I'm super interested to hear more on anything you can share about your projects, or the niche of gov projects you're aware of - I've been doing some work with gov and haven't seen this requirement yet, so want to be prepared if it does come up.
(contact details in profile if you prefer)
mccoyb 1 month ago

I’m luckily in a situation where I can afford to explore this stuff without the concerns that come from using it within an organization (and those concerns are 100% valid and haven’t been solved yet, especially not by this blog post)

iamwil 2 months ago

> For instance, I know Project A -- these are the concerns of Project A. I know Project B -- these are the concerns of Project B. I have the insight to design these projects so they compose, so I don't have to keep track of a hundred parallel issues in a mono Project C. On each of those projects, run a single agent -- with review gates for 2-3 independent agents (fresh context, different models! Codex and Gemini). Use a loop, let the agents go back and forth.

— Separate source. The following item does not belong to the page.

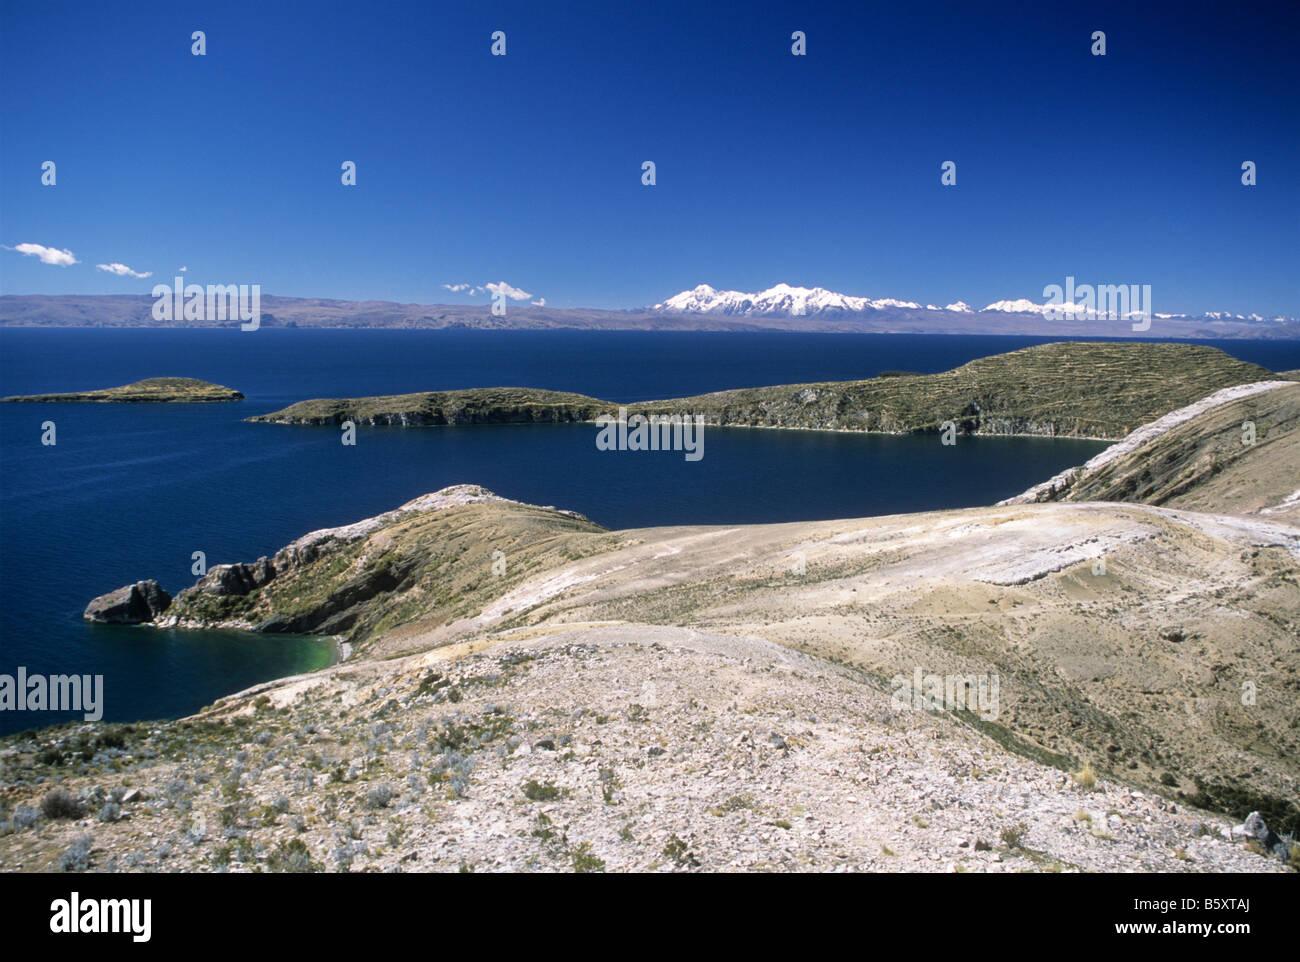 View of Cordillera Real range from Sun Island, Lake Titicaca, Bolivia - Stock Image
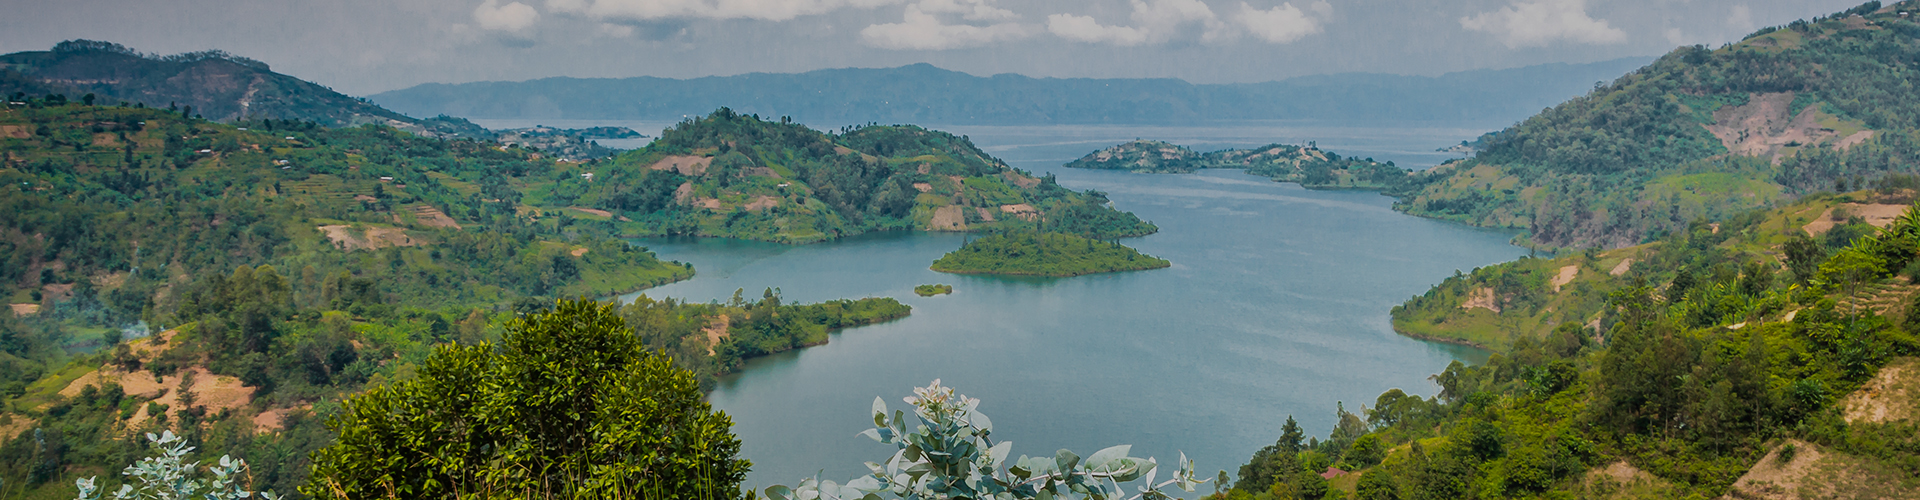 Landmark photograph of Rwanda

Can you talk more about the structure of your workflow and how you evolved it to be that?

mccoyb 2 months ago
I've tried most of the agentic "let it rip" tools. Quickly I realized that GPT 5~ was significantly better at reasoning and more exhaustive than Claude Code (Opus, RL finetuned for Claude Code).
"What if Opus wrote the code, and GPT 5~ reviewed it?" I started evaluating this question, and started to get higher quality results and better control of complexity.
I could also trust this process to a greater degree than my previous process of trying to drive Opus, look at the code myself, try and drive Opus again, etc. Codex was catching bugs I would not catch with the same amount of time, including bugs in hard math, etc -- so I started having a great degree of trust in its reasoning capabilities.
I've codified this workflow into a plugin which I've started developing recently: https://github.com/evil-mind-evil-sword/idle
It's a Claude Code plugin -- it combines the "don't let Claude stop until condition" (Stop hook) with a few CLI tools to induce (what the article calls) review gates: Claude will work indefinitely until the reviewer is satisfied.
In this case, the reviewer is a fresh Opus subagent which can invoke and discuss with Codex and Gemini.
One perspective I have which relates to this article is that the thing one wants to optimize for is minimizing the error per unit of work. If you have a dynamic programming style orchestration pattern for agents, you want the thing that solves the small unit of work (a task) to have as low error as possible, or else I suspect the error compounds quickly with these stochastic systems.
I'm trying this stuff for fairly advanced work (in a PhD), so I'm dogfooding ideas (like the ones presented in this article) in complex settings. I think there is still a lot of room to learn here.
- mlady 2 months ago
  
  I'm sure we're just working with the same tools thinking through the same ideas. Just curious if you've seen my newsletter/channel @enterprisevibecode https://www.enterprisevibecode.com/p/let-it-rip
  It's cool to see others thinking the same thing!